这一夜,同样依旧亮着宫灯,没有任何的睡意的,还有芜妤殿内的那位。
萧怀远坐在叶贤妃对面,看着她一直都没有说话,随手从面前拿起一块点心放到了嘴巴里。
“都什么时候了,你还想着吃。”
看着萧怀远此时还如此的淡定,叶贤妃没好气的瞥了他一眼道。
“什么时候?那都是朝堂上的事情,再急也轮不到我们着急,再说了,现在是薛义故意跟父皇在作对。我们就算是想帮忙,也无从插手啊,叶家和薛家想来也没有任何的往来。”
萧怀远撇了撇嘴巴,不在意的说着,又忍不住打了个哈欠。
“实在想不明白,就为了此事,母妃大半夜的喊儿臣过来,让儿臣连觉都睡不安稳。这是父皇该头疼的事情,我们何必多此一举。”
末了,萧怀远忍不住还抱怨了几句,实在想不明白他的母妃为什么会如此的着急。
叶贤妃眸色暗了暗,才解释道:“眼下边境大乱,这兵肯定是要出的。如今薛家故意为难,让皇上如今陷入了困境,两方若是一直僵持不下的话,必有一方让步。”
“哎,母妃的意思是,难不成父皇最后会答应薛家,真的立薛德妃为后?那不行!若是她为后,那太子之位......”

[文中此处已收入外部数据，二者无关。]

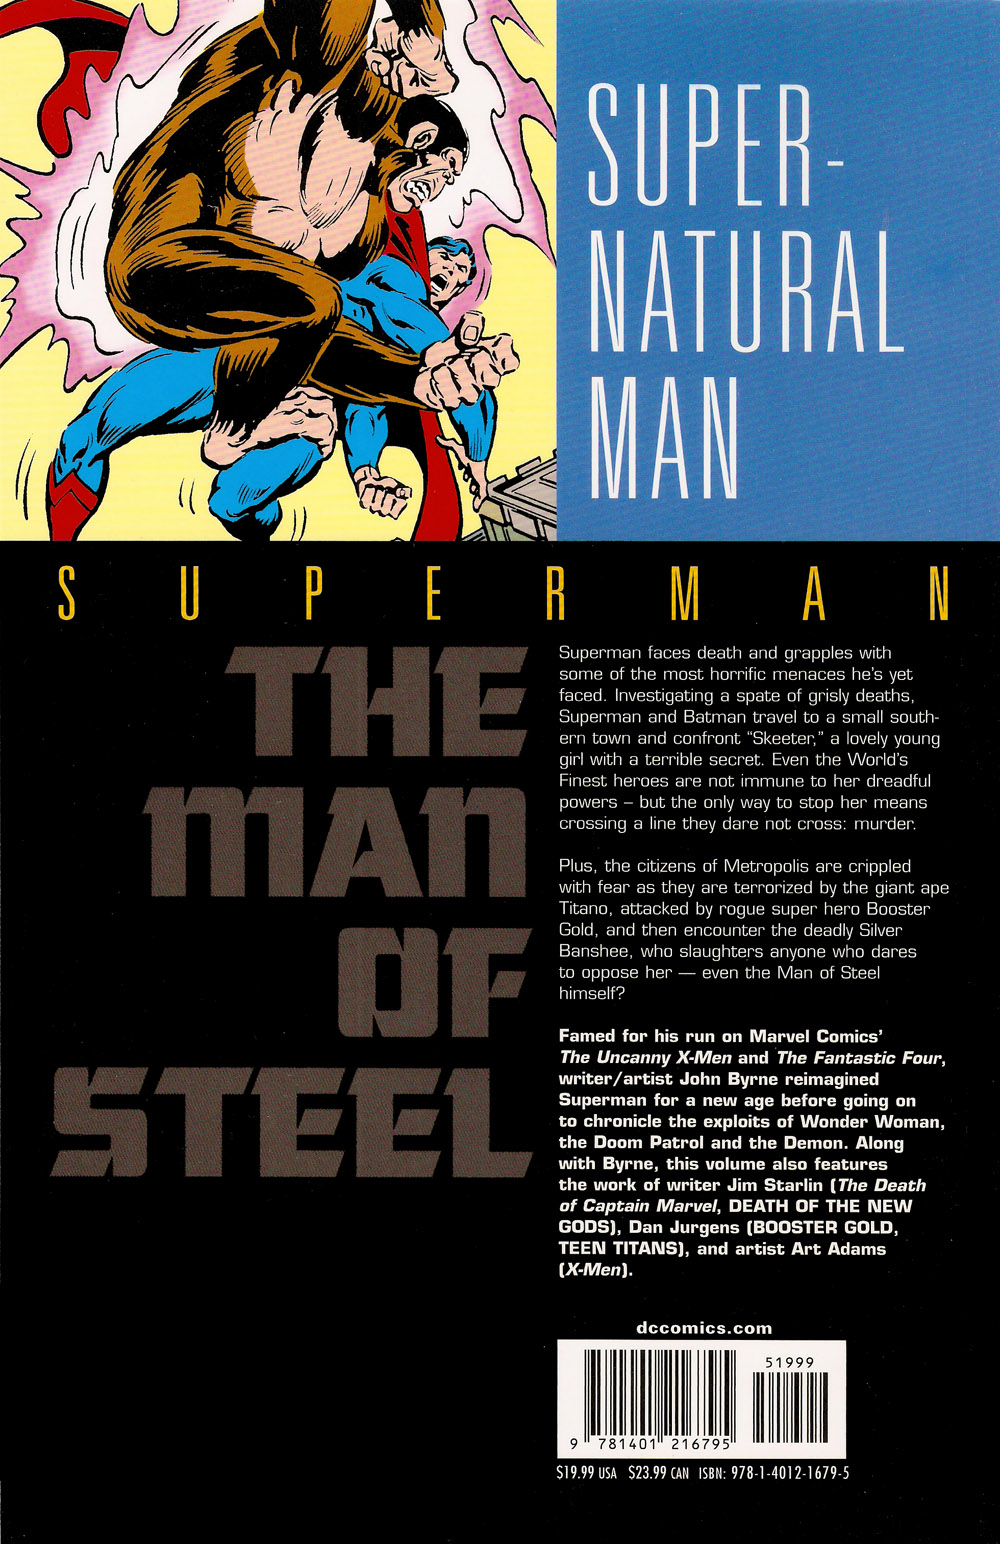 Man of Steel Vol. 6B

听叶贤妃这么一说,萧怀远顿时没有了什么胃口,好不容易才生生的咽下了口中的点心,紧张的看着自己的母妃。
“你还知道太子之位!”
叶贤妃冷了几分脸色。
要不是因为顾及此处,她又怎么会深更半夜的把他从**给拉起来。
一听这话,萧怀远更是着急不已,直接绕过去双手紧紧的抓着叶贤妃的衣袖,慌道:“母妃,那你说现在该怎么办?如果真的让临华殿的那个贱人如愿当上皇后的话,那我们还有什么希望啊。”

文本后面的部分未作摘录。